Baru-baru ini, sebuah video viral di media sosial memperlihatkan perjuangan para guru di Desa Cidikit, Kecamatan Bayah, Kabupaten Lebak, Banten, yang harus menembus jalan rusak dan berlumpur untuk sampai ke sekolah. Video ini mengundang perhatian warganet, Sang Kades Buka Suara menyoroti kondisi infrastruktur di daerah pedalaman yang masih jauh dari kata layak.
Dalam video tersebut, terlihat para guru menggunakan sepeda motor dan harus berjuang melewati jalan berlumpur yang sangat licin. Tidak jarang mereka terjebak dan bahkan harus mendorong kendaraan mereka. Kondisi ini menjadi tantangan berat, terutama di musim hujan, di mana jalan semakin sulit dilalui.
Respons Sang Kades
Kepala Desa Cidikit, Pak Yanto (nama samaran), memberikan tanggapan terkait kondisi ini. Ia mengakui bahwa infrastruktur jalan di wilayah tersebut memang masih menjadi pekerjaan rumah yang besar bagi pemerintah desa. Menurutnya, jalan tersebut merupakan akses utama menuju beberapa sekolah dan pemukiman warga, namun belum mendapatkan perhatian serius dari pihak terkait.
“Kami sudah mengusulkan perbaikan jalan ini melalui musyawarah desa dan juga proposal ke pemerintah kabupaten. Saat ini, anggaran desa kami terbatas, sehingga perbaikan besar-besaran belum bisa dilakukan. Namun, kami akan terus berupaya agar jalan ini bisa segera diperbaiki,” ujar Pak Yanto saat diwawancarai.
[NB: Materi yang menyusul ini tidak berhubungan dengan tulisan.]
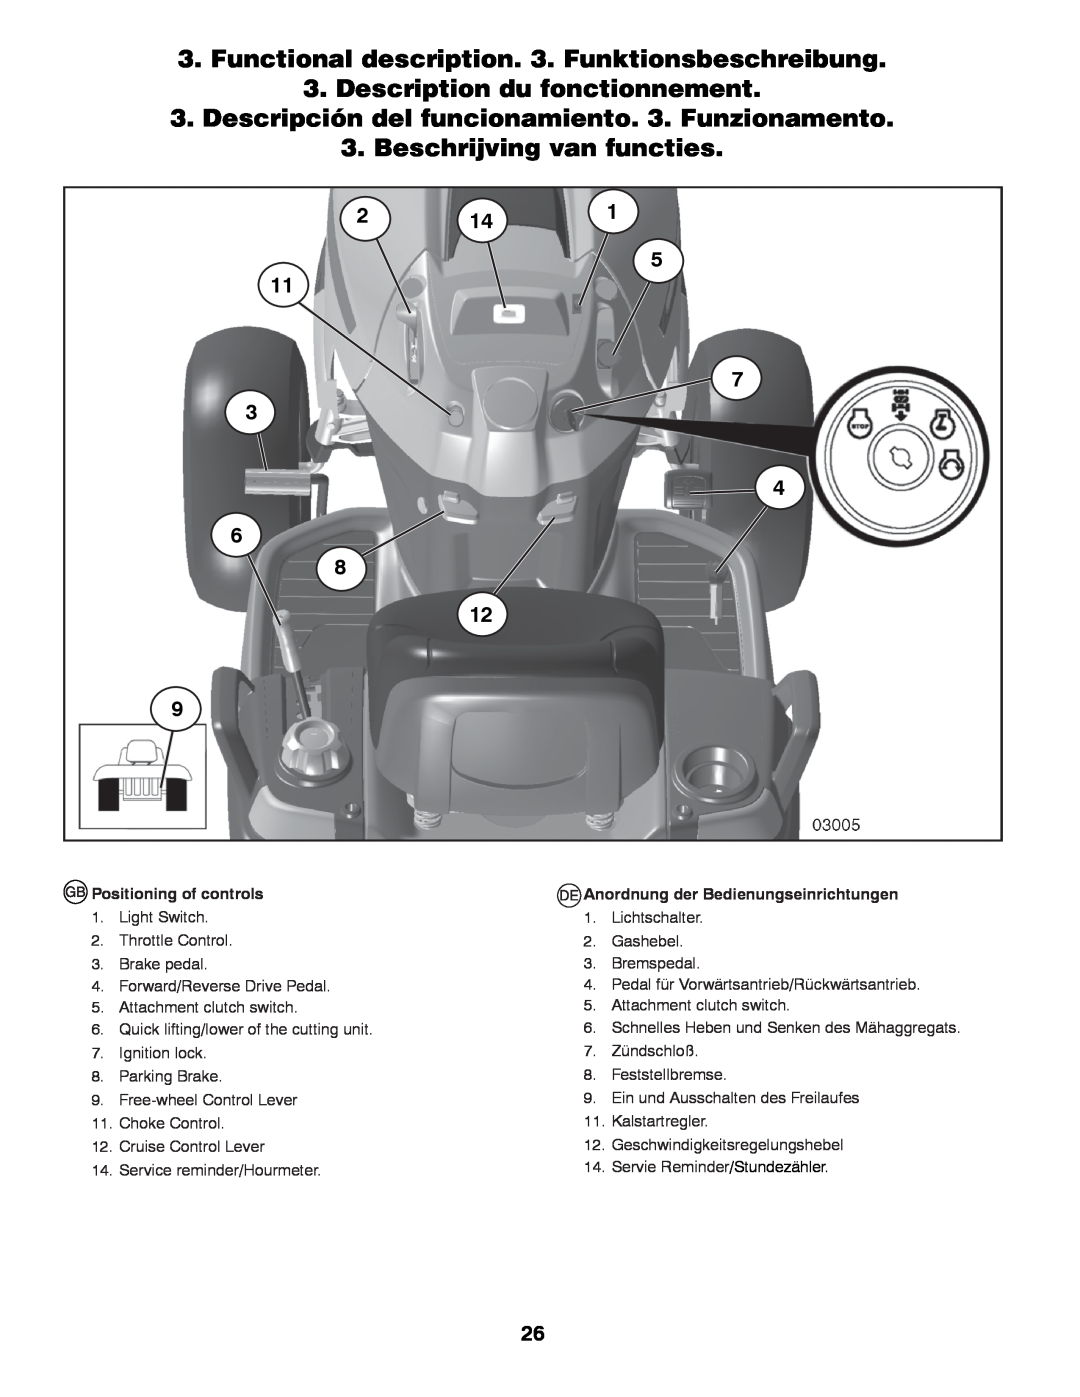 Husqvarna GTH260TWIN instruction manual Description du fonctionnement, Beschrijving van functies, Positioning of controls 
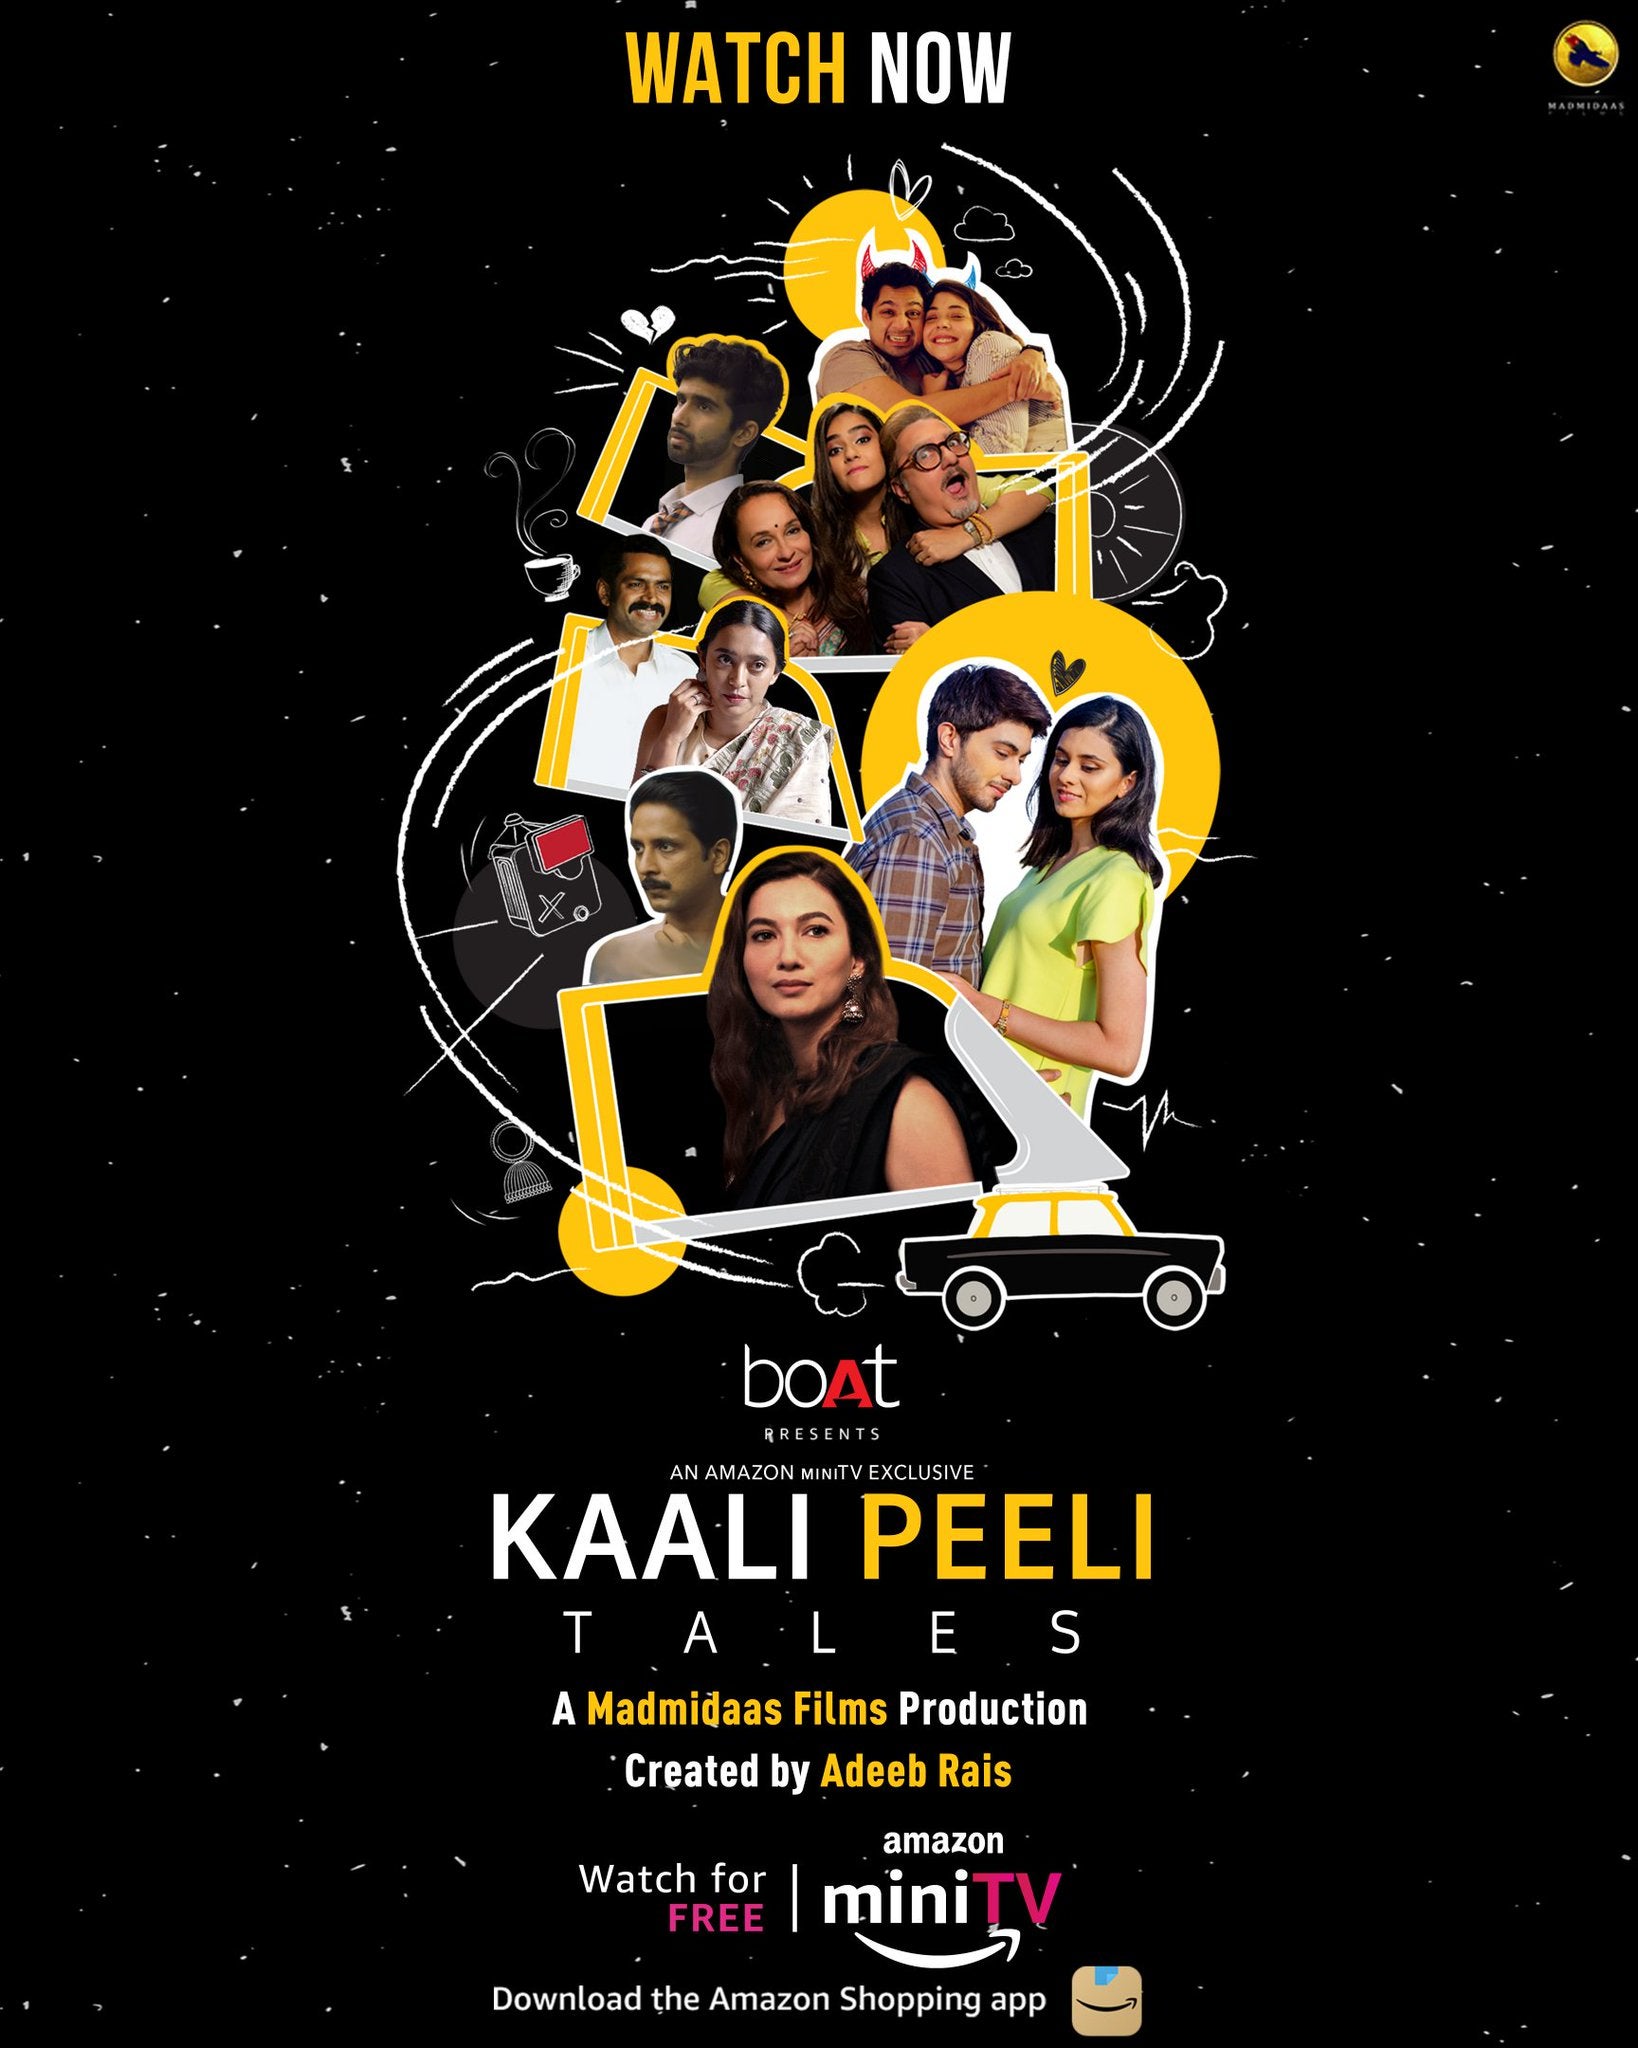 TV ratings for Kaali Peeli Tales in Japan. Amazon mini TV TV series

Ia juga menyampaikan apresiasi kepada para guru yang tetap berdedikasi meski menghadapi kondisi jalan yang sulit. “Guru adalah pahlawan bagi anak-anak di sini. Kami memahami perjuangan mereka dan akan berusaha lebih keras untuk mendukung fasilitas yang memadai,” tambahnya.
Dukungan dari Warganet
Video ini mendapatkan respons beragam dari warganet. Banyak yang merasa prihatin dan mengapresiasi dedikasi para guru di Desa Cidikit. Tagar seperti #PerjuanganGuru #InfrastrukturDesa, dan #PeduliCidikit mulai ramai digunakan untuk menggaungkan isu ini.
“Saya salut dengan semangat para guru di desa ini. Semoga pemerintah segera memperhatikan kondisi mereka,” tulis salah satu pengguna media sosial.
Beberapa warganet bahkan menginisiasi penggalangan dana untuk membantu perbaikan jalan atau memberikan bantuan kendaraan yang lebih sesuai dengan medan berlumpur.
Harapan Akan Perubahan
Kondisi jalan rusak di Desa Cidikit menjadi cerminan tantangan yang masih dihadapi oleh banyak daerah pedalaman di Indonesia. Masyarakat berharap, dengan viralnya video ini, pihak terkait dapat memberikan perhatian lebih terhadap pembangunan infrastruktur, Sang Kades Buka Suara terutama yang berdampak langsung pada pendidikan dan kesejahteraan warga desa.
Perjuangan para guru di Desa Cidikit menjadi inspirasi bagi banyak orang, sekaligus pengingat bahwa pendidikan membutuhkan dukungan dari berbagai pihak, termasuk dalam hal aksesibilitas. Semoga langkah nyata segera diambil untuk memperbaiki kondisi ini, sehingga cita-cita pendidikan untuk semua dapat benar-benar terwujud.